# Determining the Line of Symmetry of a Reciprocal Equation.

Problem: How do you determine the line of symmetry of a reciprocal equation?

Solution:

For example, I'll graph the reciprocal function Y=1/(x+2) ^Just a quick sketch

And the equation of the line of symmetry is simply -(x+2), which can be seen here: ^Also a quick sketch

By adding a negative in front of any reciprocal equation, you have the line of symmetry. That much I figured out.

The Real Problem: Why does this happen? I mean, how can I explain it in plain english?

## Answers and Replies

HallsofIvy
Science Advisor
Homework Helper
First, there is no such thing as "the" line of symmetry. Any hyperbola has two lines of symmetry. In the case you give, y= 1/(x-2), (Your graph is NOT of y= 1/(x+2). That would have a vertical asymptote at x= -2.), the center of the hyperbola is at (2, 0). The line you draw, through (2,0) and perpendicular to the line containing the vertices, so with slope -1, y= -(x-2)= 2- x, is one axis of symmetry. The line through (2,0) and passing through the vertices, y= x- 2, is also an axis of symmetry.

I am not at all sure what you mean by "By adding a negative in front of any reciprocal equation, you have the line of symmetry." Do you mean "if y= 1/(x-a) is a hyperbola, then y= -1(x-a)= a- x is a line of symmetry"? If that is what you mean, then, yes, that is true.
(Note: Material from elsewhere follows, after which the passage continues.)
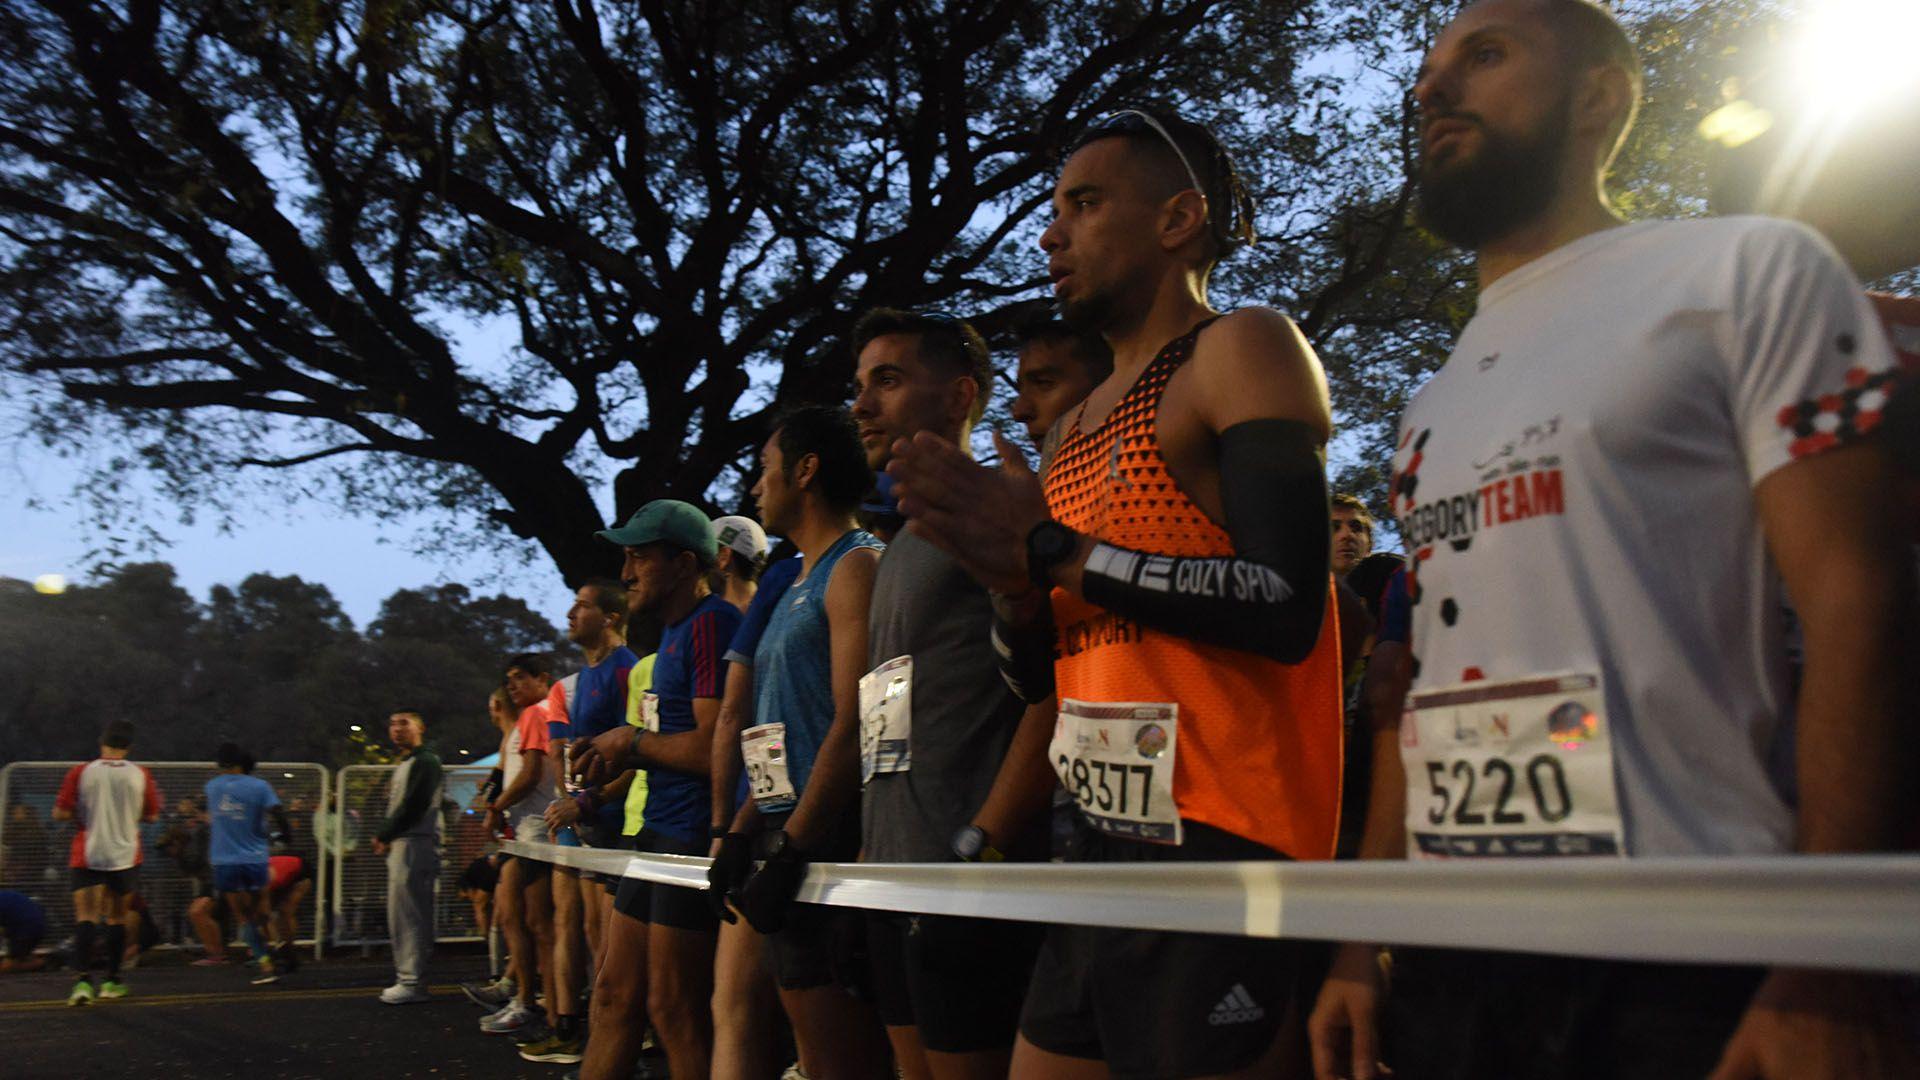 La carrera se inició puntual, a las 7.30 de la mañana

For that particular kind of hyperbola, the two lines of symmetry have slopes 1 and -1 and pass through the center of the hyperbola, (a, 0). Their equations are, therefore, y= 1(x-a)= x-a and y=-1(x-a)= a- x.

More generally, any hyperbola has two lines of symmetry: the line through the two vertices and the line through the center (half way between the vertices) perpendicular to that line.